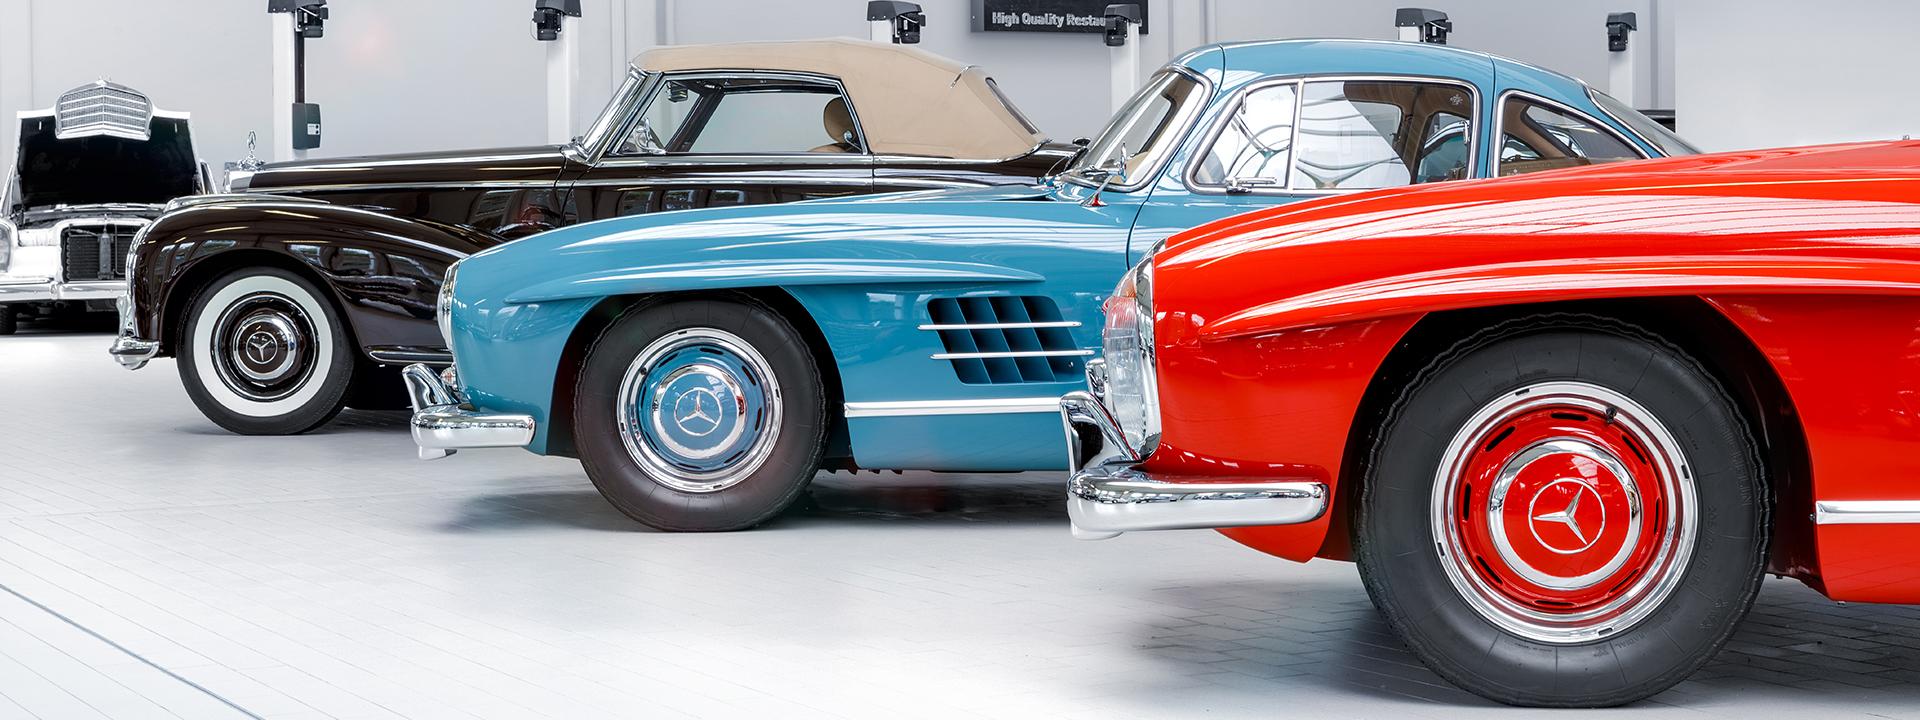 300 SL Gullwing - Classic Cars - BRABUS
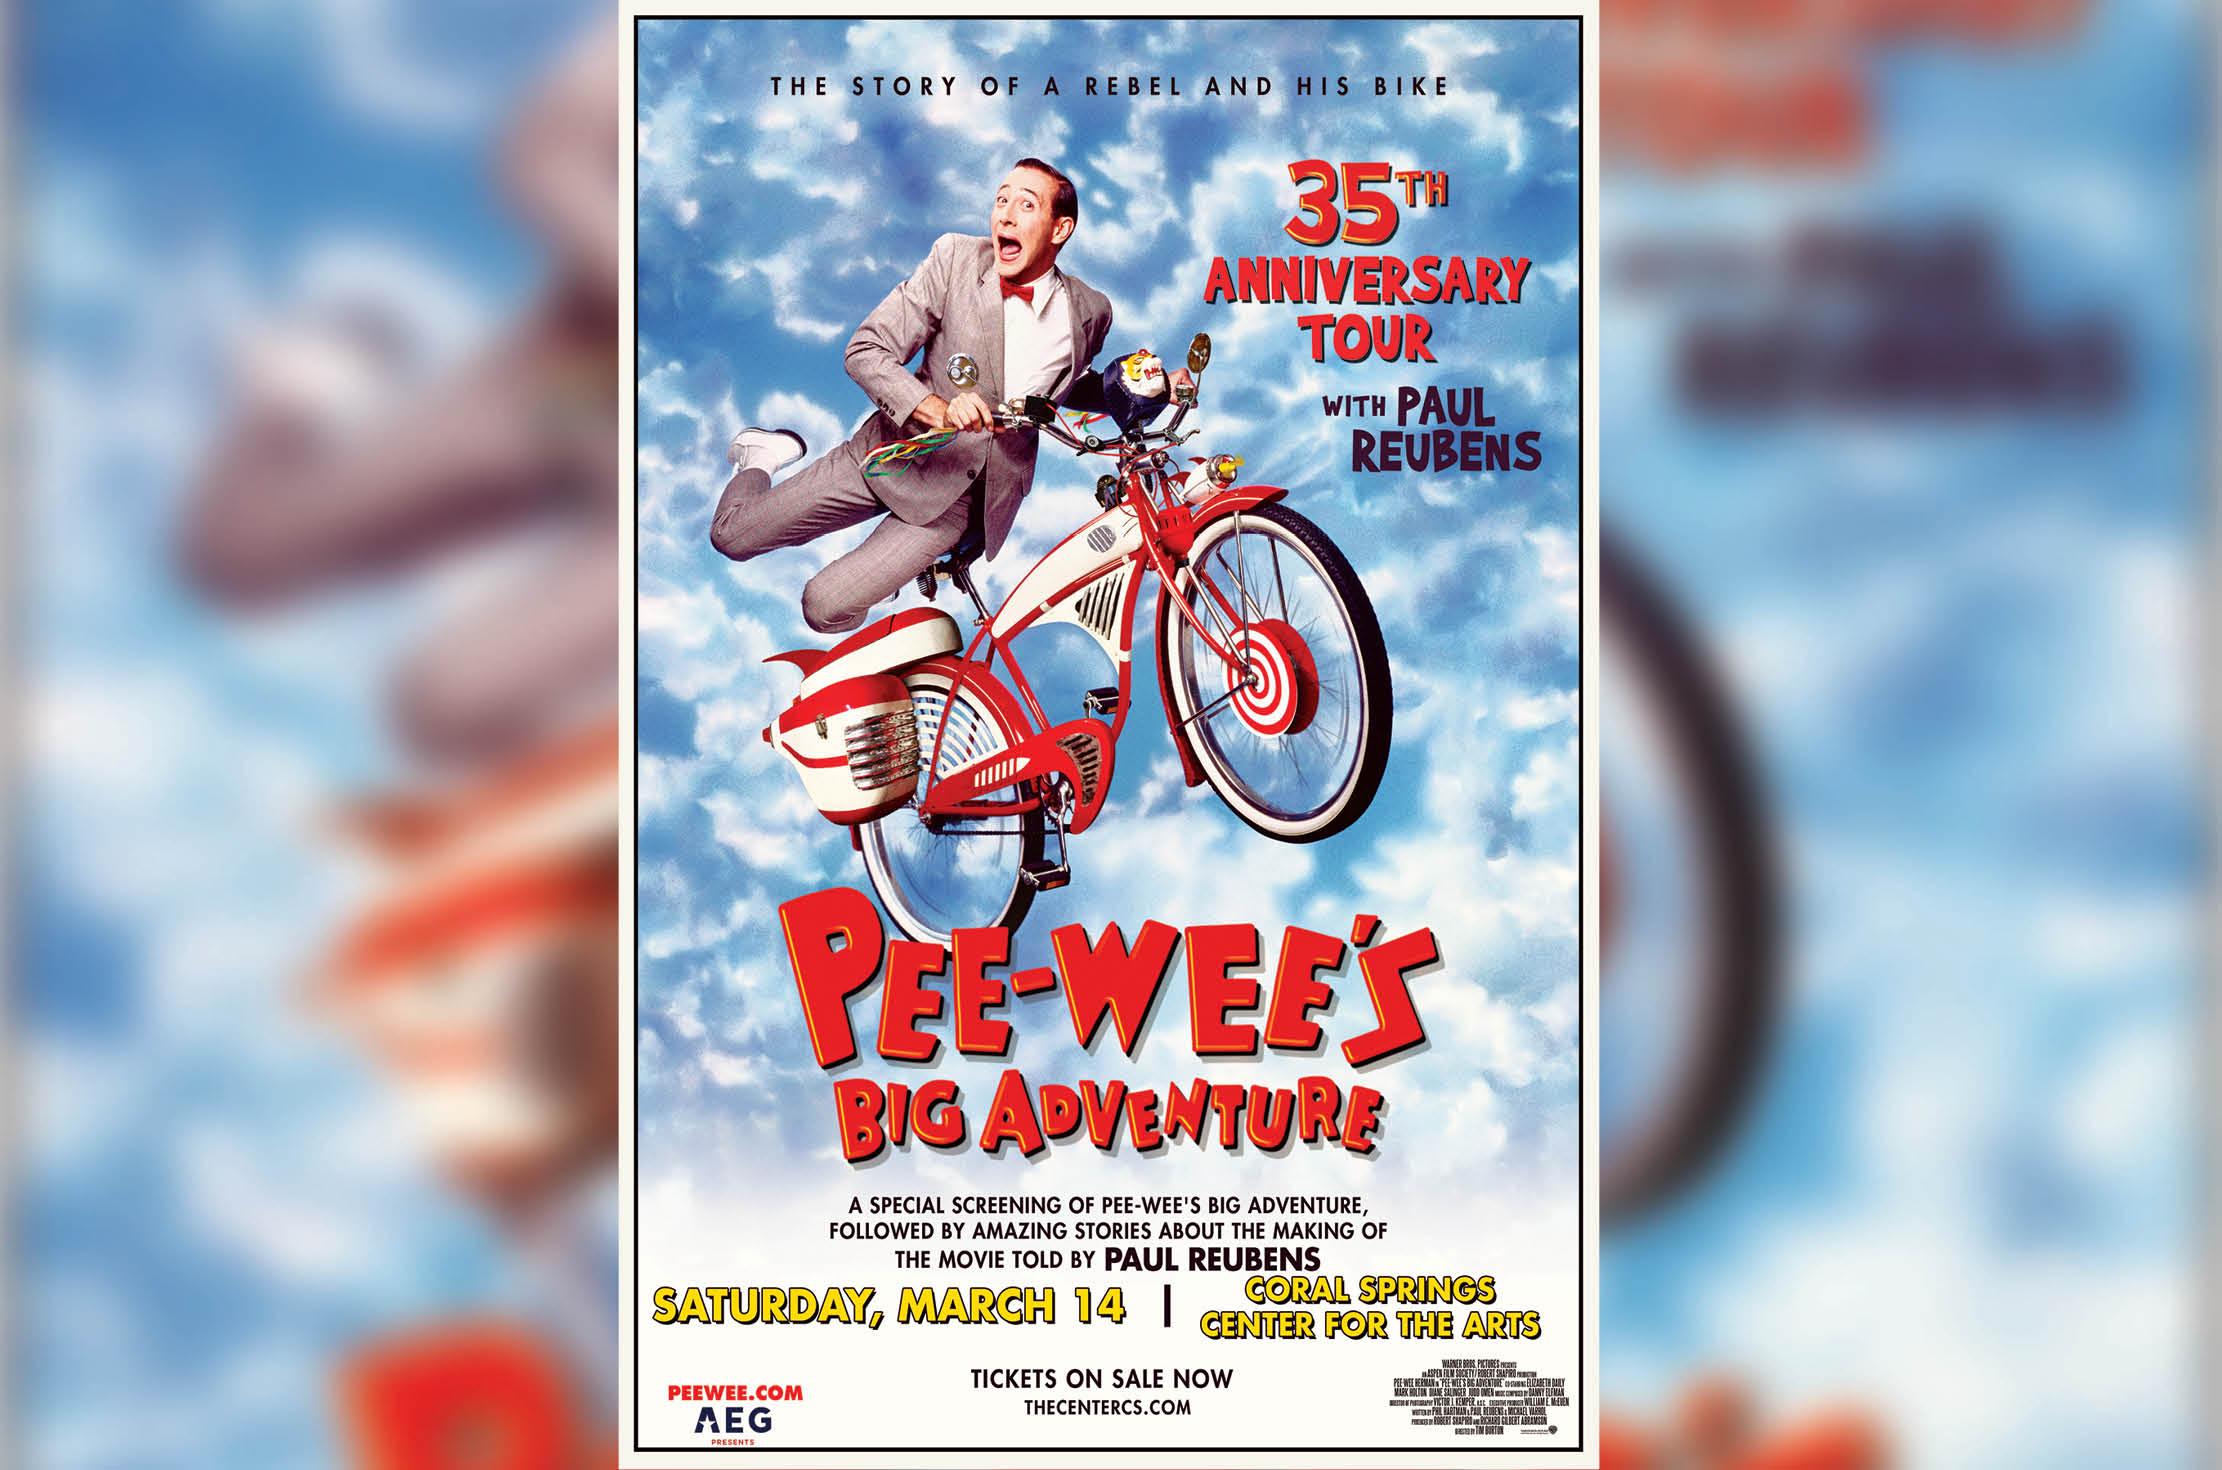 Paul Reubens to Headline 35th Anniversary of Pee-Wee's Big Adventure
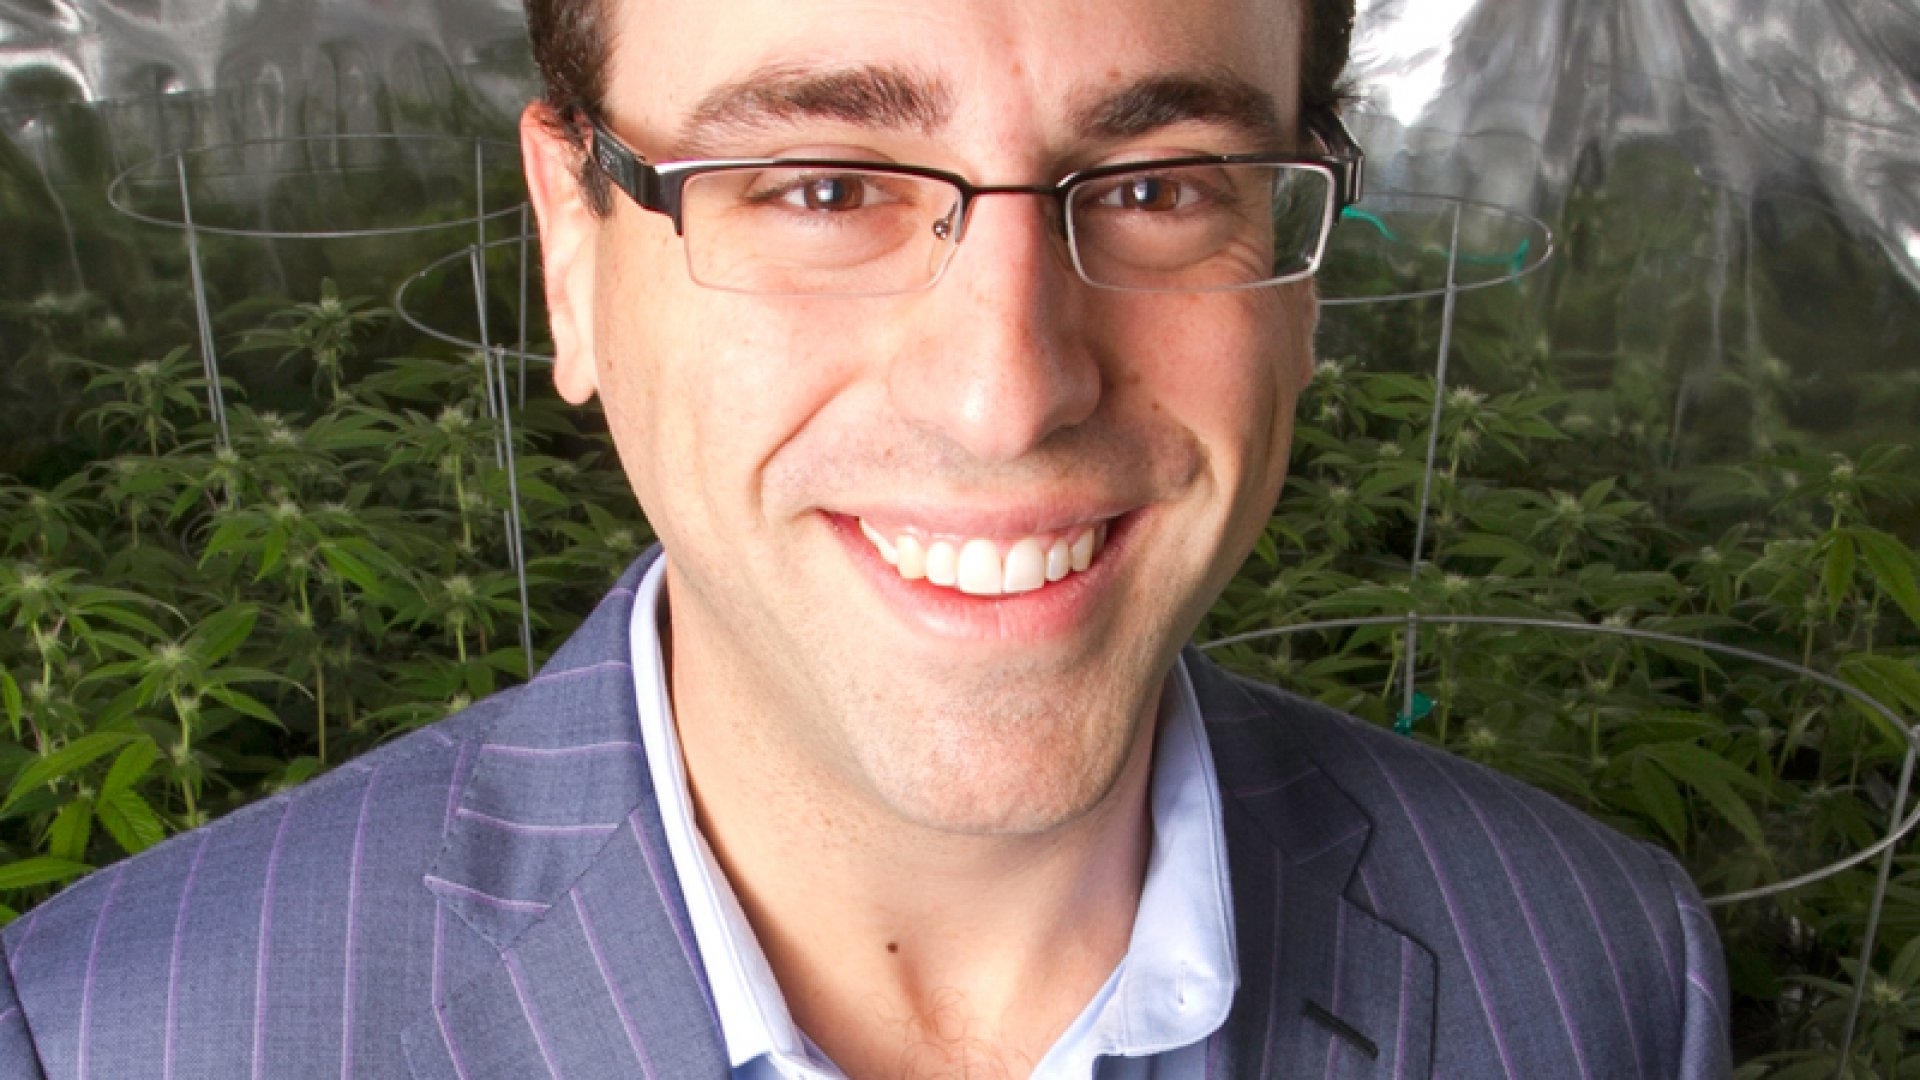 On a Mission to Build a Billion-Dollar Legal Marijuana Empire

■ ■ ■ ■

Without the pictures, write out the listing exactly as it appears above.

 300 SL Gullwing - Classic Cars - BRABUS
 Paul Reubens to Headline 35th Anniversary of Pee-Wee's Big Adventure
 On a Mission to Build a Billion-Dollar Legal Marijuana Empire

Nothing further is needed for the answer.